Antibody binding and phylogenetic data support the presence of an FcamR equivalent in X. laevis. If this receptor emerged in amphibians, as we propose, then FCAMR should be present across amphibian species, some separated from each other by 300 million years. To test this, tblastn searches identified multiple ddIgSF domains in other amphibian species (Supplemental Table 2). A phylogeny of amphibian domains (Fig. S4) recapitulates the grouping see in the multi-Class phylogeny in Fig. 6. All amphibian genomes had ddIgSF domains with distinct PIGR and FCAMR domains. Most amphibians have multi-domain PIGR and FCAMR. The exception is axolotl, which has orthologues of xlPIGR D2 and xlFCAMR D2 but no other identifiable ddIgSF domains. In other amphibian species, clades for PIGR D1, D2, D4, and D5 are separate but adjacent to clades for FCAMR D1, D2, and D4 (P. ornatum lacks FCAMR D2) (Fig. S4). Evolutionarily distance amphibian species were included and the same clustering of domains is seen in caecilian and ranids. This suggests that FcamR emerged in or before early amphibians. These data show that FCAMR is highly conserved and has evolved separately from the PIGR in amphibians. We conclude that xlFcamR is the mammalian FcamR equivalent, and evaluated the origin and synteny of PIGR-related receptors to better understand the evolution of the entire family.

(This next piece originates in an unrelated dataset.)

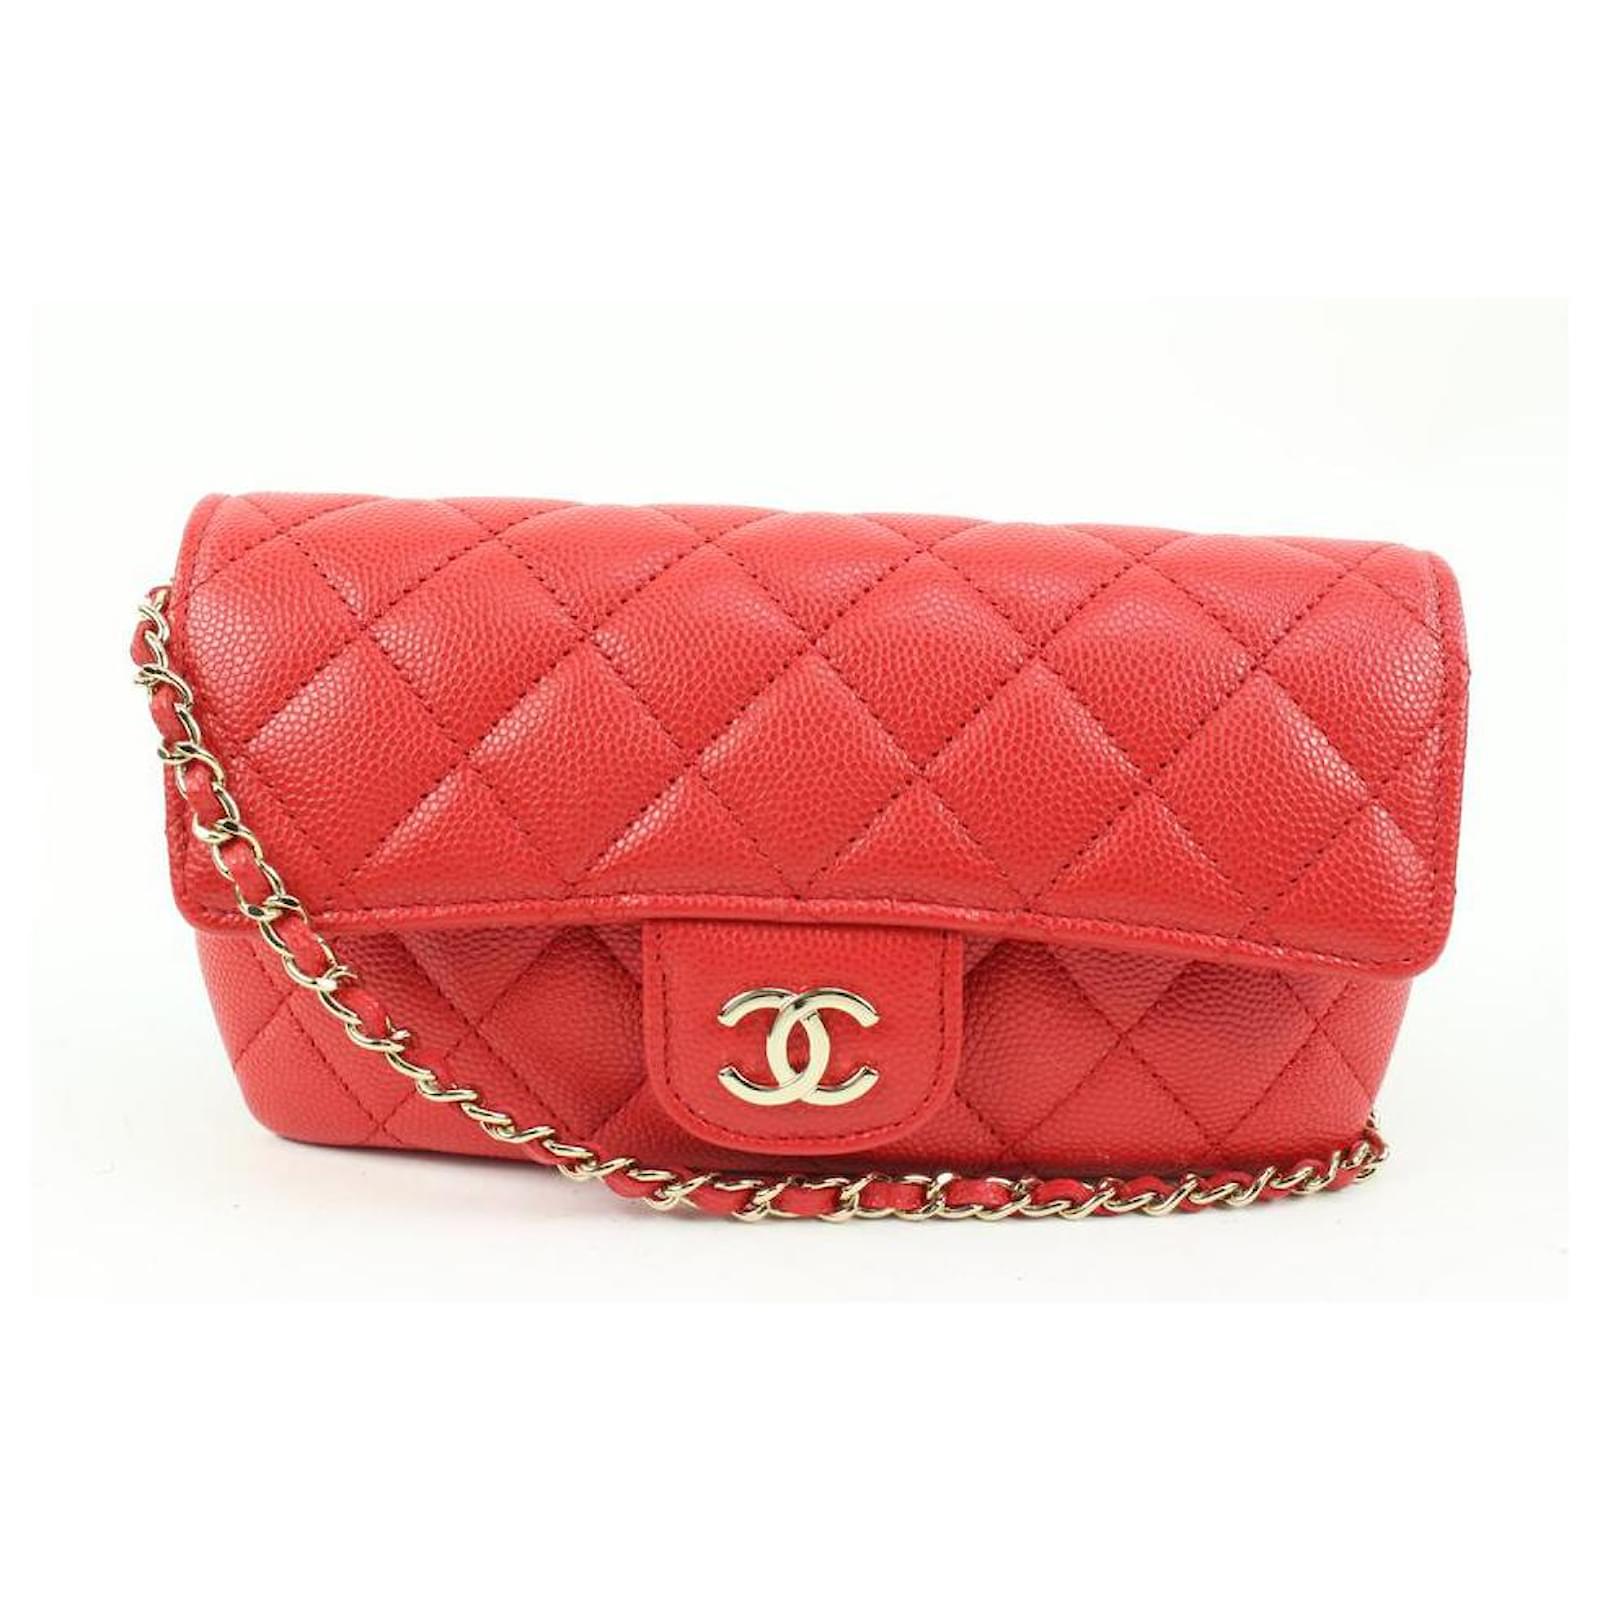 Chanel Red Chevron Quilted Patent Leather Classic Rectangular Mini Flap Bag

PIGR Family Domain Evolution

The earliest PIGR-related domain is identifiable in elasmobranchs and is part of the two-domain receptor that likely also gave rise to the TREM family (elephant shark gene 632963074) (Figs. 5b, 6). The second domain of that receptor most often branched at the base of the PIGR family in phylogenies (Fig. 6).

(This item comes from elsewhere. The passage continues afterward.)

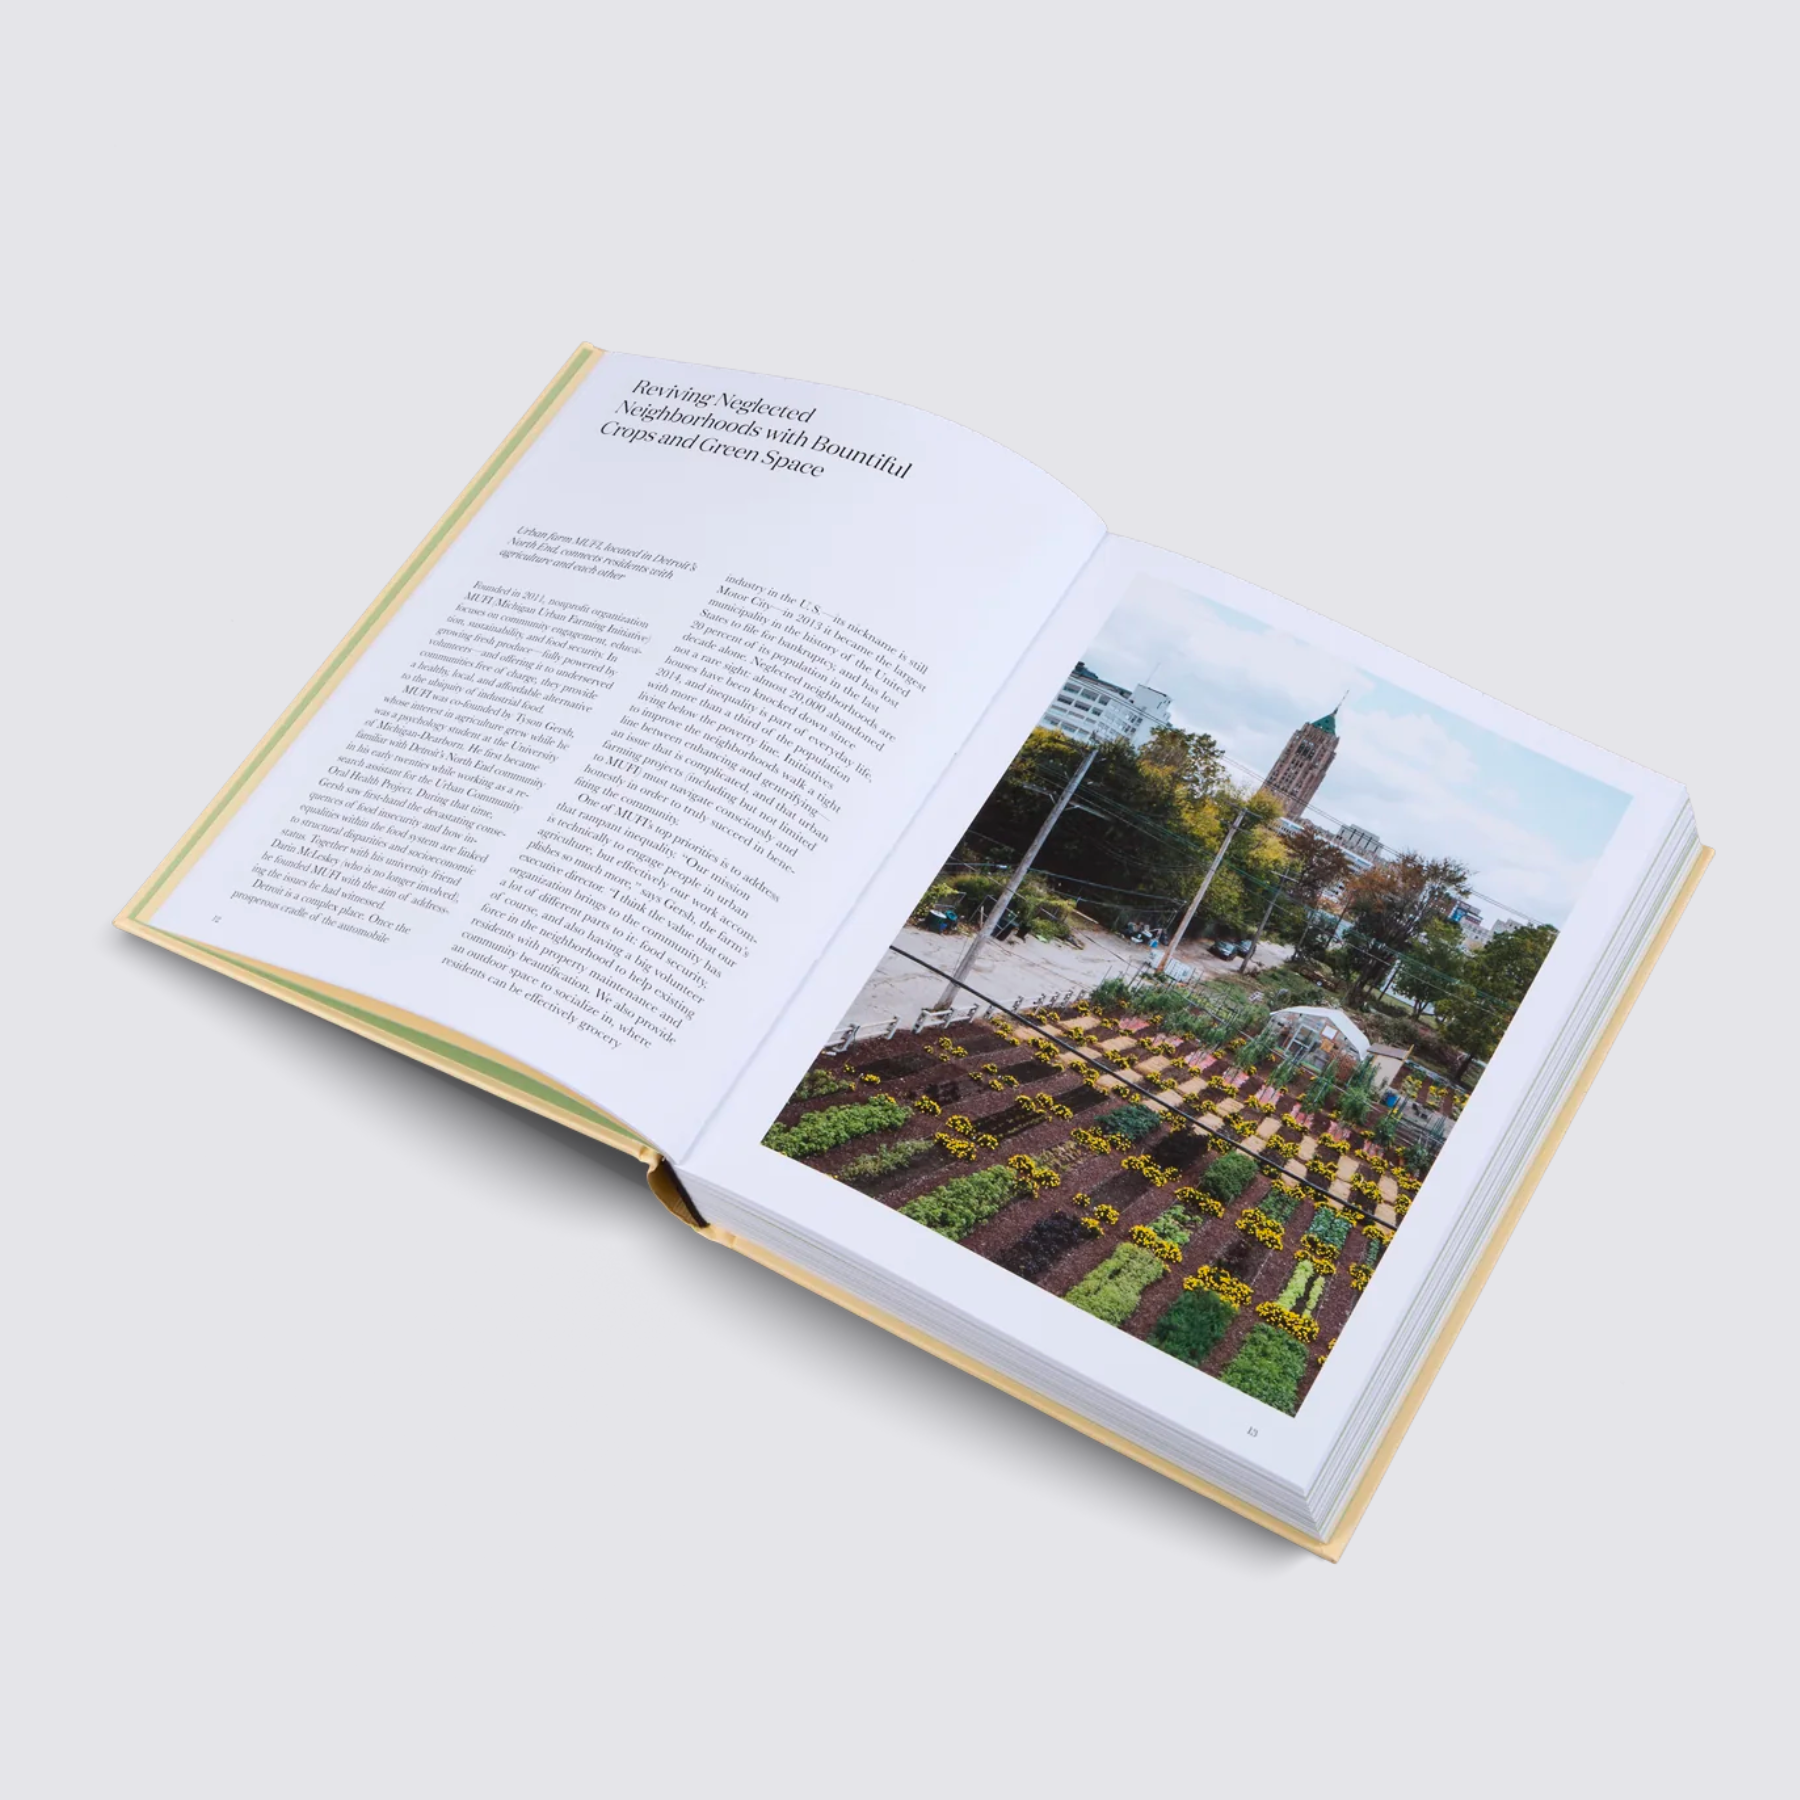 book on growing food in the city

Lacking a PIGR orthologue or conserved syntenic region in ray-finned fish, we evaluated PIGR-related domains and loci in lobe-finned fish (coelacanth, lungfish), which is an intermediate order between ray-finned fish and amphibians. In the coelacanth (Latimeria chalumnae) there are ddIgSF domains related to the PIGR family, but not a 4-domain pIgR (Fig. 5). Coelocanth has one- and two-domain ddIgSF receptors located on four different genome scaffolds. There is a putative coelacanth PIGR annotated in the genome with surrounding genes corresponding to the mammalian PIGR locus. This receptor was not identifiable in the current lungfish transcriptome(53). Phylogenetically, the coelacanth PIGR-related domains are orthologous to mammalian PIGR D4 and D5 domains (Fig. S2). D4 and D5 are directly involved in IgM and IgA binding by PIGR, implying the coelacanth PIGR-related receptor may be capable of binding and transcytosing antibodies, but no functional or expression data exist for this receptor.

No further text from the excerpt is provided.